Janet L. McCoy


AUBURN -- An anonymous donor has presented Auburn University Libraries with a collection of very rare and beautifully elaborate scientific publications, Curtis's Botanical Magazine.

"As a journal of science, the publication is one of the pre-eminent in its field," says Dale Foster, head of the Special Collections Department of AU Libraries. "As a work of art, its exquisite hand- colored images exemplify the development of printing techniques through time."

The collection is available for viewing during normal business hours in the Special Collections Department on the ground floor of Ralph B. Draughon Library. An exhibit highlighting some of the illustrations will be displayed in the department until Sept. 12.

The hard-bound magazine is the oldest continuously published journal of color illustrations in the world, the first issued being produced in 1787.

While not well known by the general public -- with a subscription base of only 1,000 customers -- it has been one of the most influential publications in British and American gardening for more than 200 years.

The collection is a complete set of the magazine, dating from 1787 to 1983. The magazine ceased publishing after that, but years later it was restarted and AU is working to retrieve those as well.

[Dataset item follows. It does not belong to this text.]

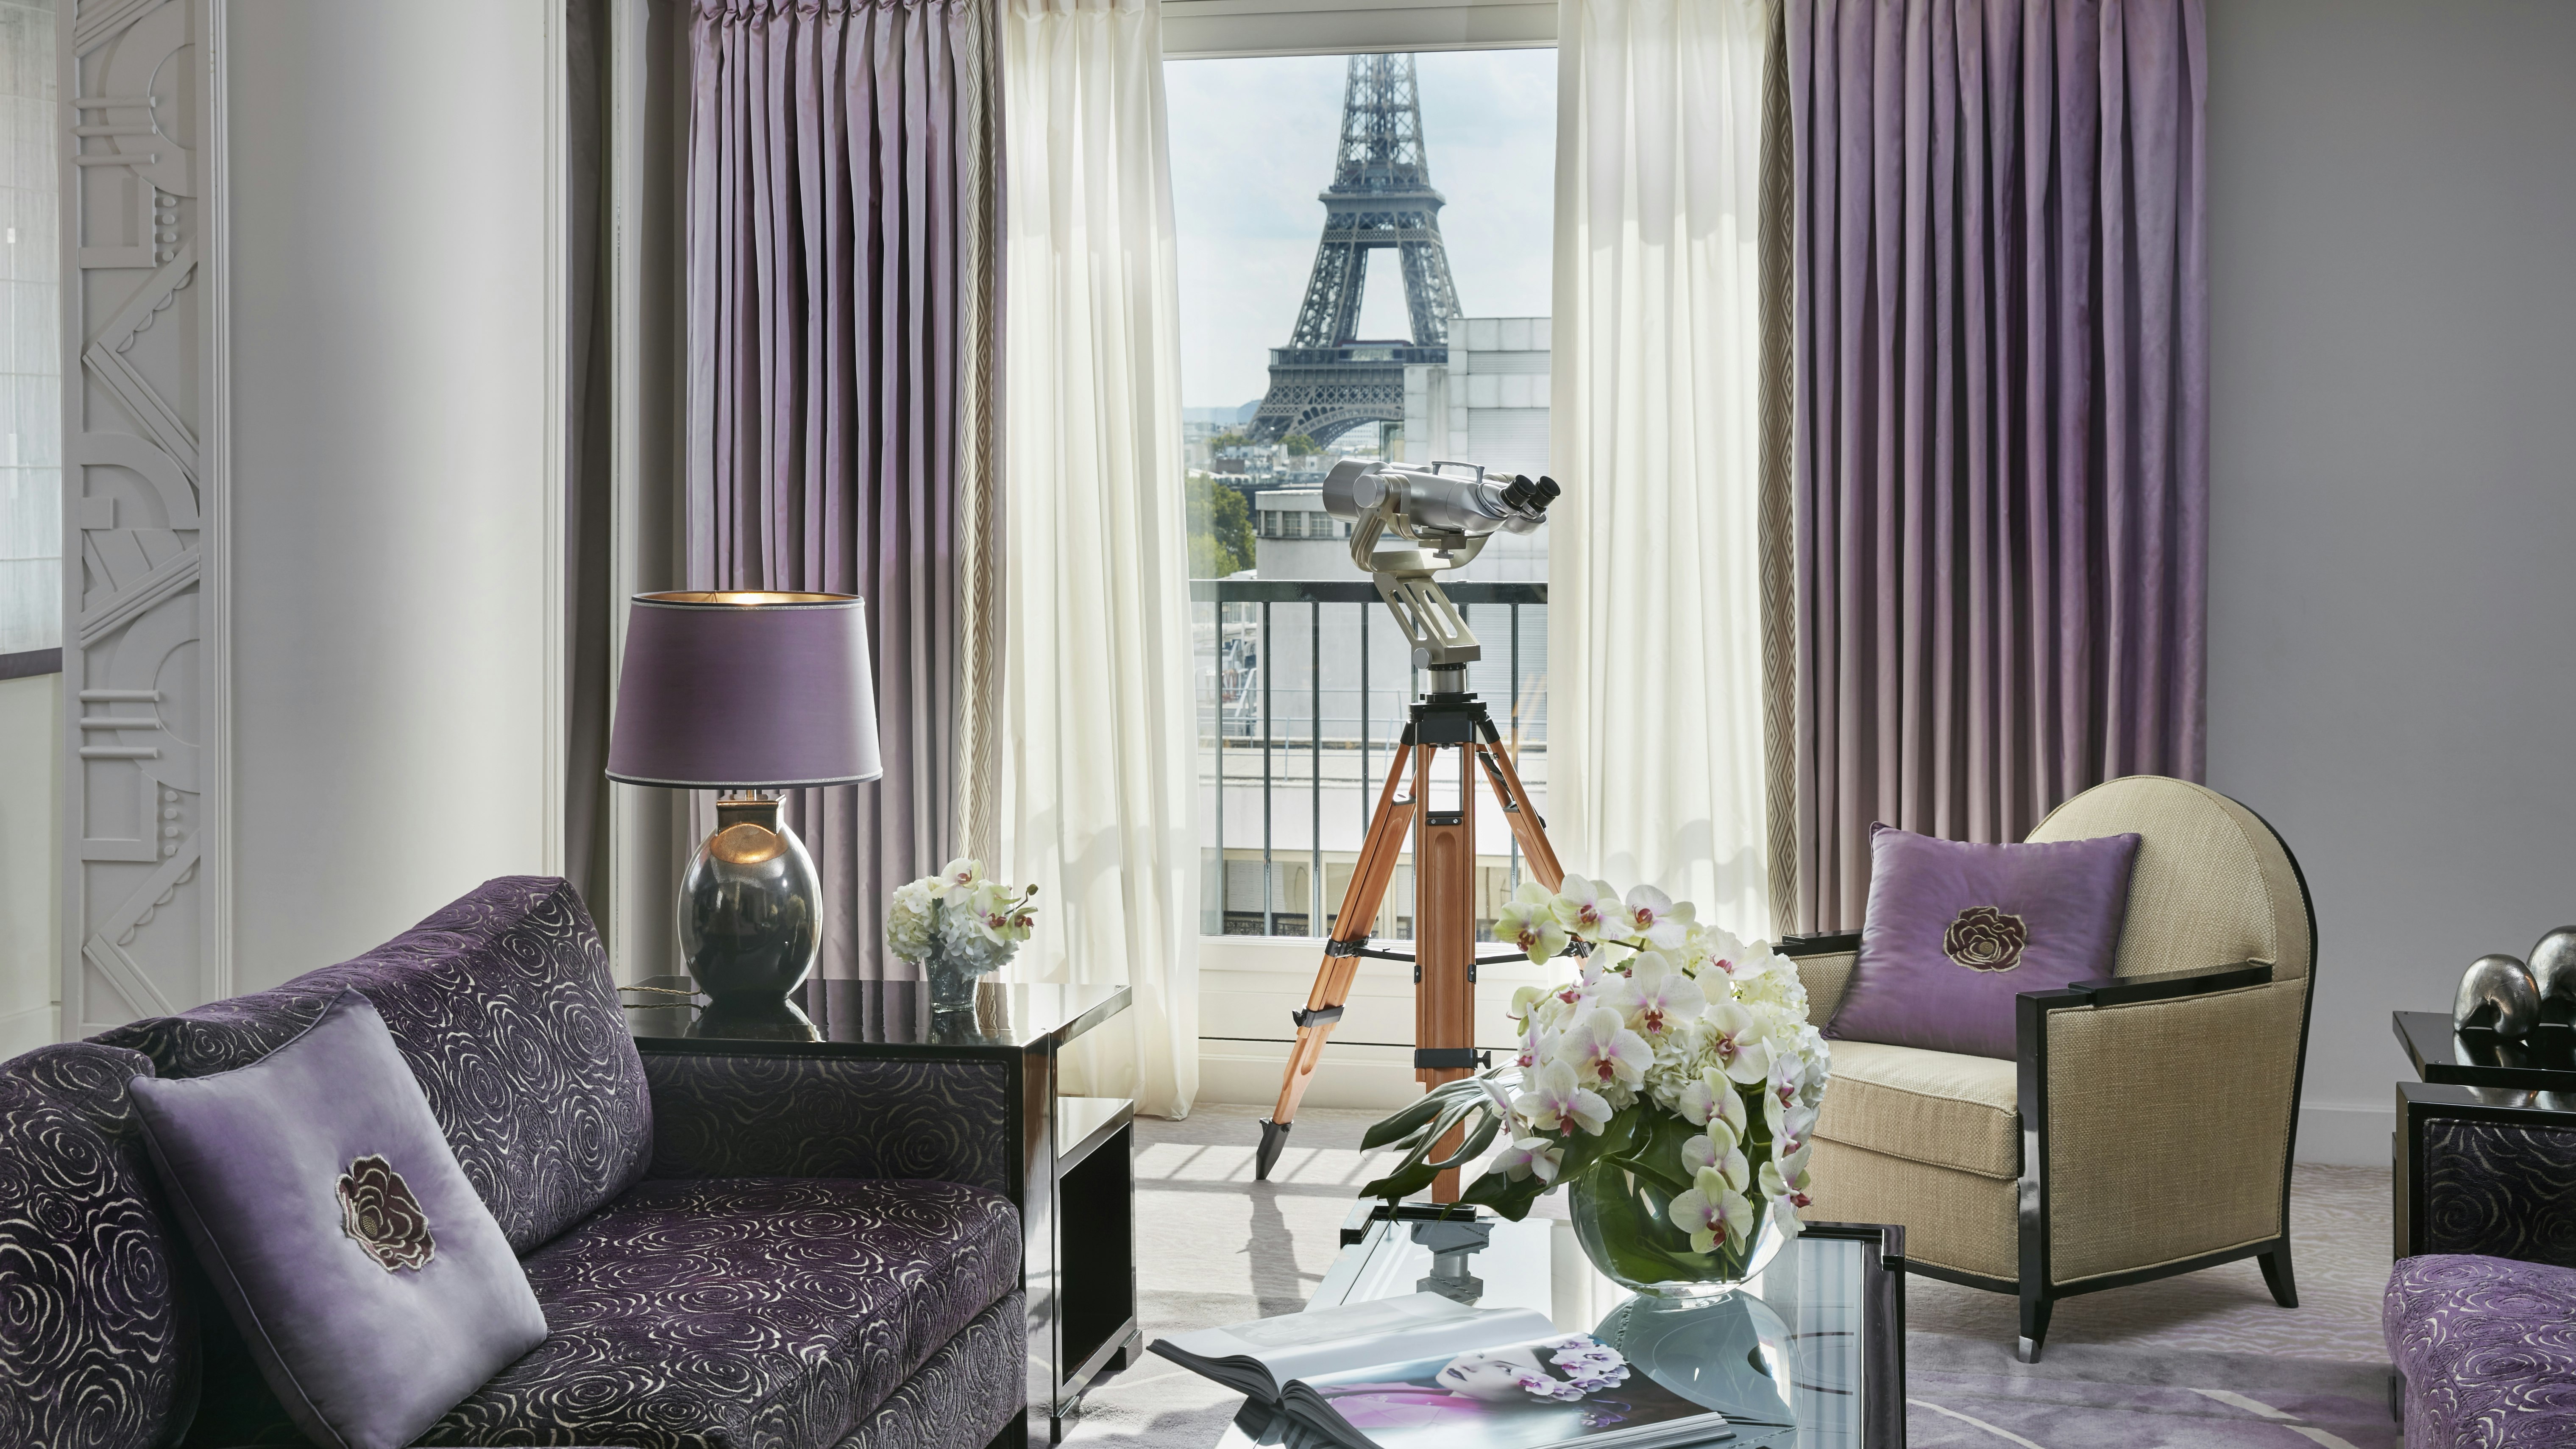 The Eiffel Suite at Hotel Plaza Athenee in Paris is decorated with a luxe purple sofa, lavender curtains, a grey egg-shaped lamp with a lavender shade, a cream chair with lavender throw pillow, and a coffee table with big white blooms in a green vase. Through the window is a view of the bottom portion of the Eiffel tower, with a telescope positioned for easier viewing

"This accession makes Auburn University Libraries' collection one of the most comprehensive sets in the U.S. and one of the very few libraries in the world with the earliest issues," Foster said.

One reason the collection is rare is that "the magazine is a highly sought-after prize by book dealers who tend to remove the elaborate illustrations and sell them as individual works of art," he said. "But that leads to the loss of the valuable scientific information contained in the volumes."

Each magazine contains a four-part volume featuring 24 botanically-precise plant portraits reproduced from watercolor originals by some of the world's leading botanical artists. Detailed but readable texts combine horticultural and botanical information with information such as history, conservation and economic uses of a world-wide range of plants.

"At first look, the most distinctive feature of the magazines are their spectacular hand-painted illustrations of plants and flowers," Foster said. "However, the publication has the distinction of being one of the most authoritative scientific publications in the field."

Jerome Ward, a botanical consultant and former curator of AU's Department Herbarium, said "the most significant reason for utilizing Curtis's Botanical Magazine is to help provide an important bridge between art and science.

"It provides a crucial benchmark for reassessing and redefining our mission and our overall approach to botanical science," Ward said. "It should renew our vision and offer a fresh perspective on the beauty of plant life, the wonder of floral symmetry and deepen our ability to see plant features."